You've not read this thread or any other football threads on here? 

It's not the fact he is a bad manager I have the issue with. It's his conduct. From his very first game in Scottish football he had an outburst that Scottish football always cheats Rangers. Everyone else believes the total opposite.

At every opportunity he has he's pushes this agenda. If he can't blame the officials he is known to "throw his players under the bus". It's the sneaky way he does it too. He always starts off by saying "I wouldn't do this" then does exactly what he says he wouldn't. He constantly does this.

When Gerrard came to Scottish football I thought it would be good for the game. He's a big name, he knows the game and been involved in the biggest games. I thought he would be level-headed and bring stability to Rangers. However, Rangers just stumble from fight to fight and are in a constant battle against Scottish football. It's clearly a club tactic of keeping the fans onside, but it's not good.

It's been a longtime since I've used Migweb. I can't remember that many usernames from 15 years ago.


----------



## wayne451

I’ve certainly never heard him saying anything like that but TBH Scottish football interests me about as much as putting a fist full of wasps up my anus does. I only hear it if it’s on the news on TV? I don’t think it’s an unusual tactic as it builds a siege mentality.

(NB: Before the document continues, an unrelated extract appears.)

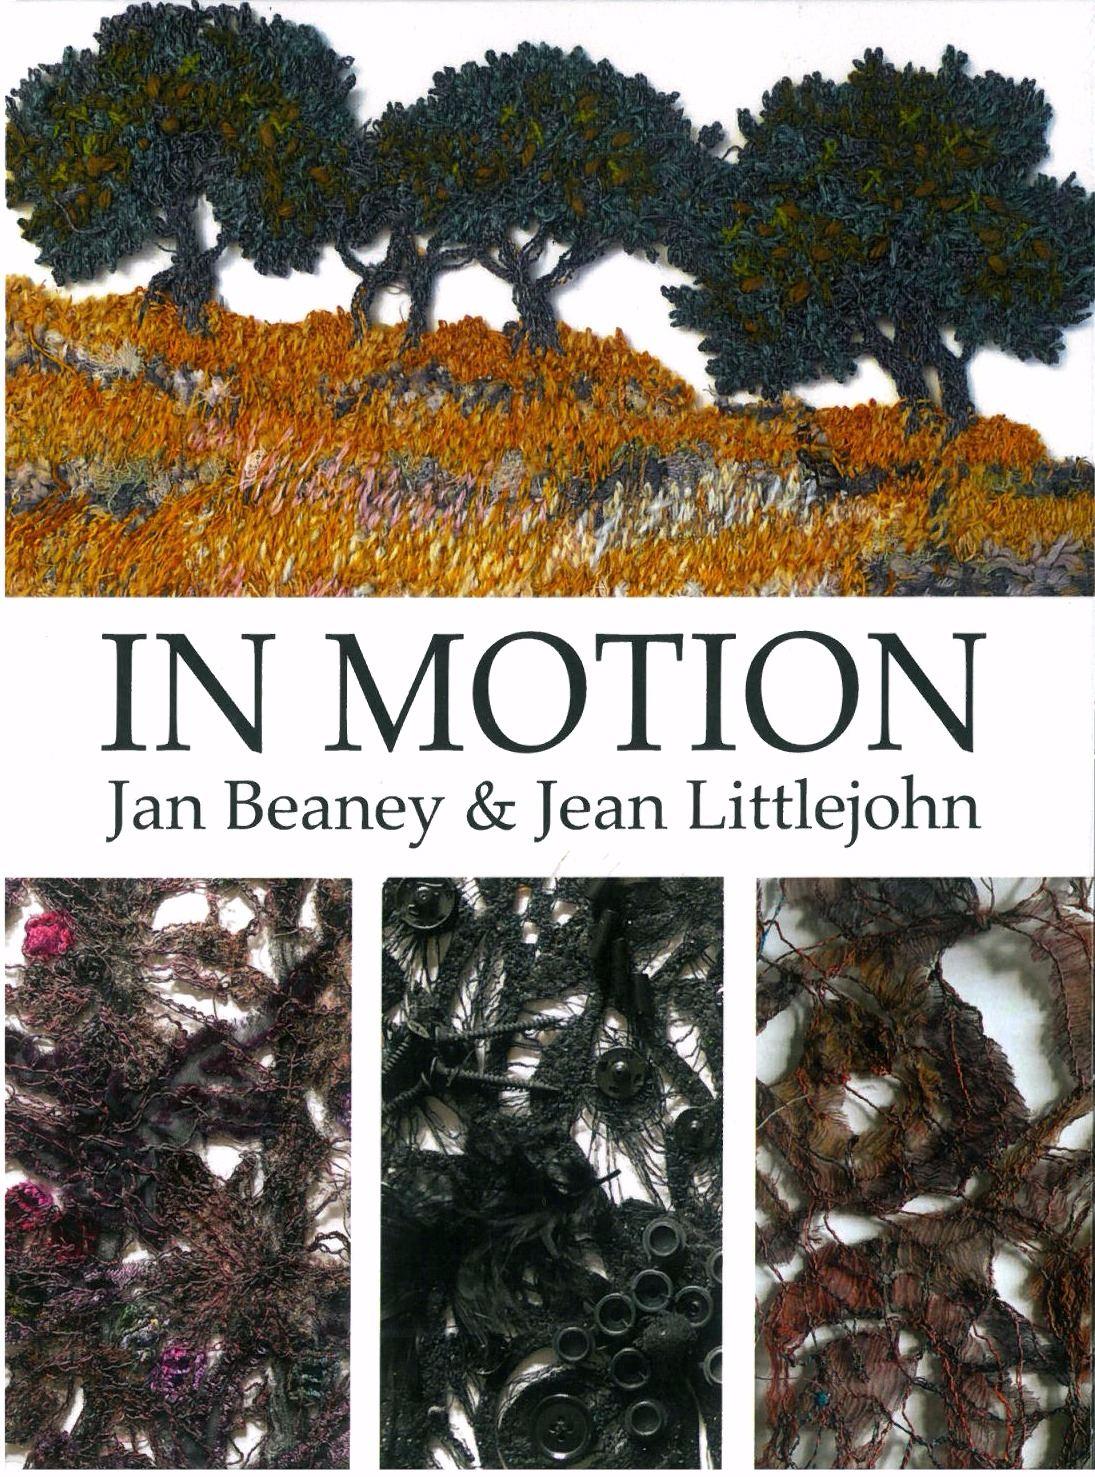 IN MOTION DVD By Jan Beaney and Jean Littlejohn

I like the way that Kerr has to put the word ‘Scottish’ before football, a clear indication that he’s aware that it’s a substandard product. They do the same with Womens football too. Ooh, it seems to have a pre-cursor for anyone that normally wears a dress...


----------



## Kerr

wayne451 said:


> I've certainly never heard him saying anything like that but TBH Scottish football interests me about as much as putting a fist full of wasps up my anus does. I only hear it if it's on the news on TV? I don't think it's an unusual tactic as it builds a siege mentality.
> 
> I like the way that Kerr has to put the word 'Scottish' before football, a clear indication that he's aware that it's a substandard product. They do the same with Womens football too. Ooh, it seems to have a pre-cursor for anyone that normally wears a dress...


It is to build up siege mentality. Unfortunately is leads to very angry retaliation and fans convinced they are the victims of everything over nothing.

You mean you've missed Lambogate, translategate and the dossier to prove corruption in Scottish football? You would love the humour looking from the outside. It's more of an off field drama half the time. :lol:

It's always the people who have no interest in Scottish football that are the most opinionated about it. It's our game. It's never going to be what England has and it's unfair that is how people want to compare our league. It's unpleasant reading open football forums as the discussion just descends into mass trolling.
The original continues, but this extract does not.